You know, Darryl, there was a time when I might have thought as you do. However, in the last decade, I've come to know a lot--an awful lot--about publishing. I've seen the day-to-day grind of it; I've seen up close and personal what's involved, what it takes to bring a book to the public, market it, etc.

And I have to say, this bias (I'm not speaking about you, personally; I realize that you are reacting to what's been said about this, anecdotal evidence, etc.) about "Eeeeevil publishers" is pretty much unwarranted. In more than 3800 customers, over 4,000 books, you know what I've found? Not one author ever thinks that their publisher did "enough" for them. They didn't market their books well enough. They marketed to the wrong demographic. They created the wrong cover. They used the wrong editor. They didn't understand the book. They were lazy. The people in marketing never listened to the author. They cut a crucial disucssion from the book. They did this, didn't do that, and yadda-yadda-yadda. Oh, and yes, my fave--they weren't paid the right amount of royalties.

This narrative is repeated, over and over and over. I would probably faint dead away, if someone ever came in and told me how incredibly wonderful their former trade publisher had been. I'm still waiting for that mythical beast, the happy author. Oh, sure, they're happy when they get that first signing royalty, but after that? Fuhgeddaboudit.

You know how many, of that 4,000+ books that we've done, that we've seen deserve to be top-sellers? Would you like to make a wild guess? How many would you think? 100? 200?

Wanna try 10? Maybe? With proper editing and marketing?

Now, you'll say, "oh, but, yeah, those are self-published authors" as if that means something, but it doesn't. Many--many--of our clients are or have been trade-pubbed authors, so that's not it.

The truth is, most books aren't going to be big sellers. Or even mediocre sellers. They're going to sink into obscurity, ne'er to be seen again.

The idea that somehow, publishers should do all this work, to bring a book to fruition (and don't think for a MOMENT that it's not a lot of work), and then somehow, turn all the profit over to the person who created the original story, is simply daft nonsense. There's no way to do it, and keep a publishing house in biz. Can't be done. Do the math. Assume, on the uber-cheap side, that for a trade publishing house, it takes $5K to bring a book to market, sans marketing of ANY kind. Assume the real-world numbers; that not 10 out of 100 are going to make a profit. You've got $500K invested, in bringing those 100 books to the market; you probably need to spend another $250K to market them, even if you're a teeny publishing house, and 10 of them, maybe, if you are very, very lucky, are going to make any money at all.

How much profit, from those 10, are you going to be able to spread around? Seriously? How much money will those 10 earn, when it's all said and done?

In short--ha!--the "evil publisher" thing is a freaking myth. It's nonsense. It's a blame game. I mean, is there any possibility that a publisher, ever, ripped off an author? Of course, but I just don't believe it's the norm. Not based upon what I've seen.

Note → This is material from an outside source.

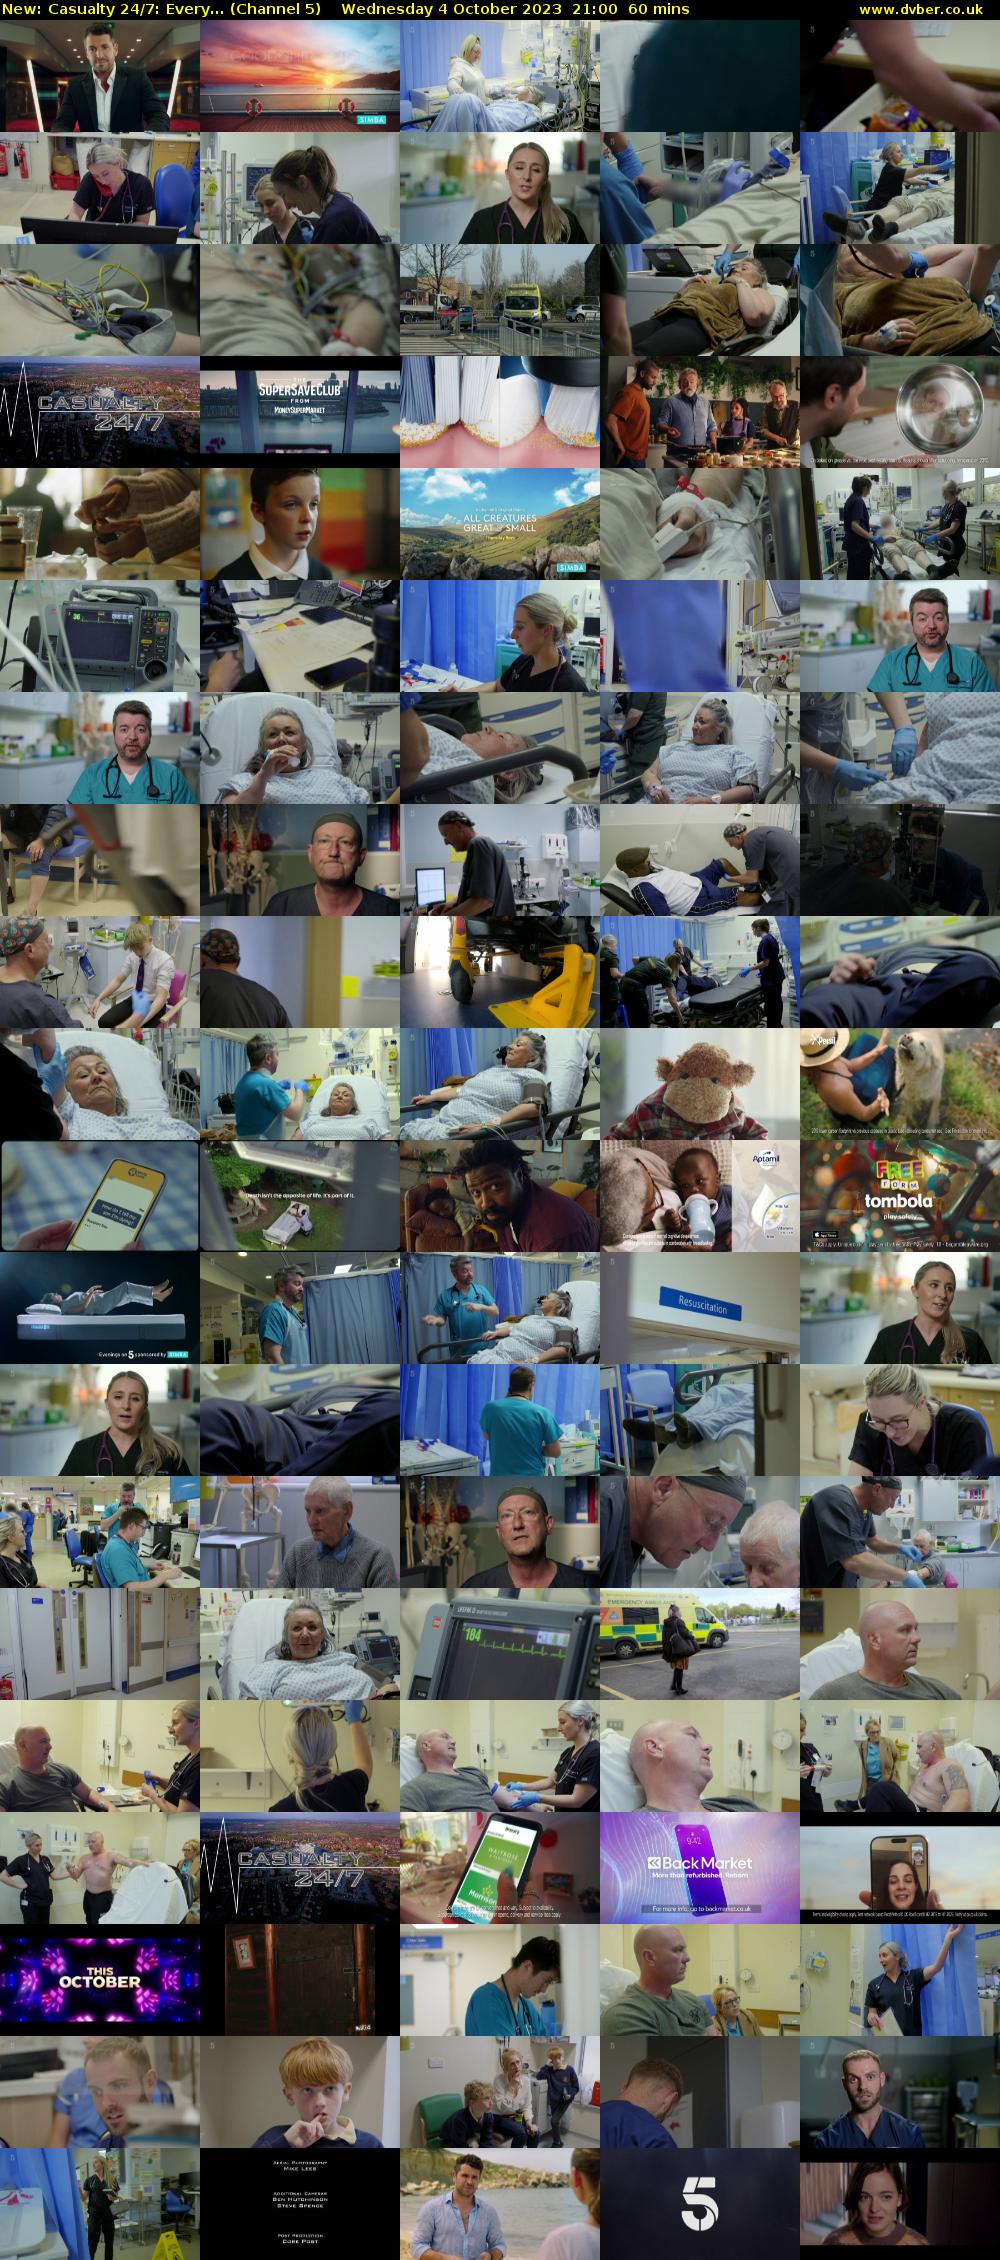 Casualty 24/7: Every... (Channel 5) Wednesday 4 October 2023 21:00 - 22:00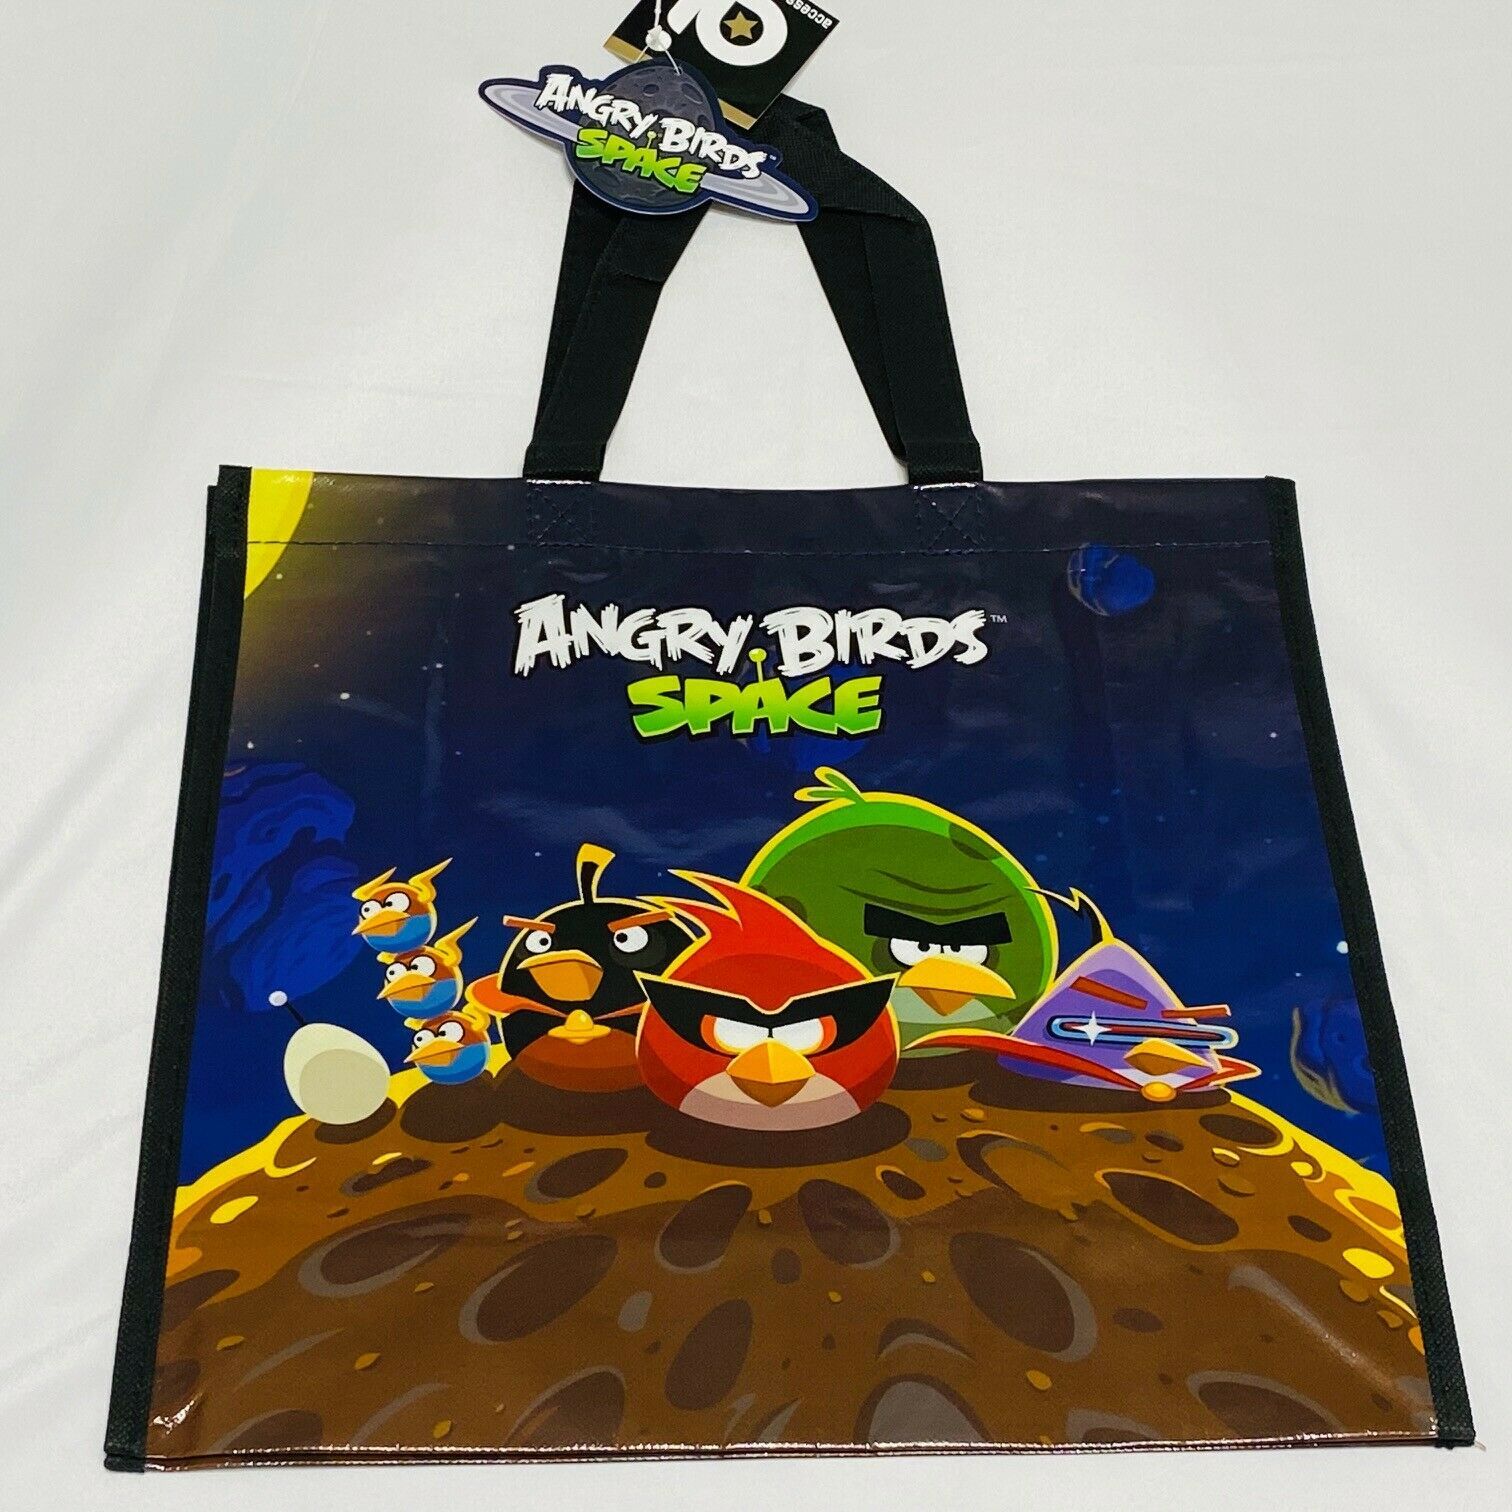 Angry Birds Space Non Woven Tote Bag 13.5 x 14 x 5.5 inches

Publishers earn that damn money, and they take all the risks.

If authors want other people to take the risks and do all the heavy lifting, do the marketing, etc., then this is the result. This is what will, of course, happen; the odds are simply that the very few books that do well can only support the remainders to a certain point. That means, quite simply, that the publisher cannot pay those few authors that do pay off as well as those authors might think that they deserve to be paid.

That certainly means that good-selling authors don't earn what they might, if they were the only author being published by that house--but they never are. That's the problem, the math and the reality, Darryl.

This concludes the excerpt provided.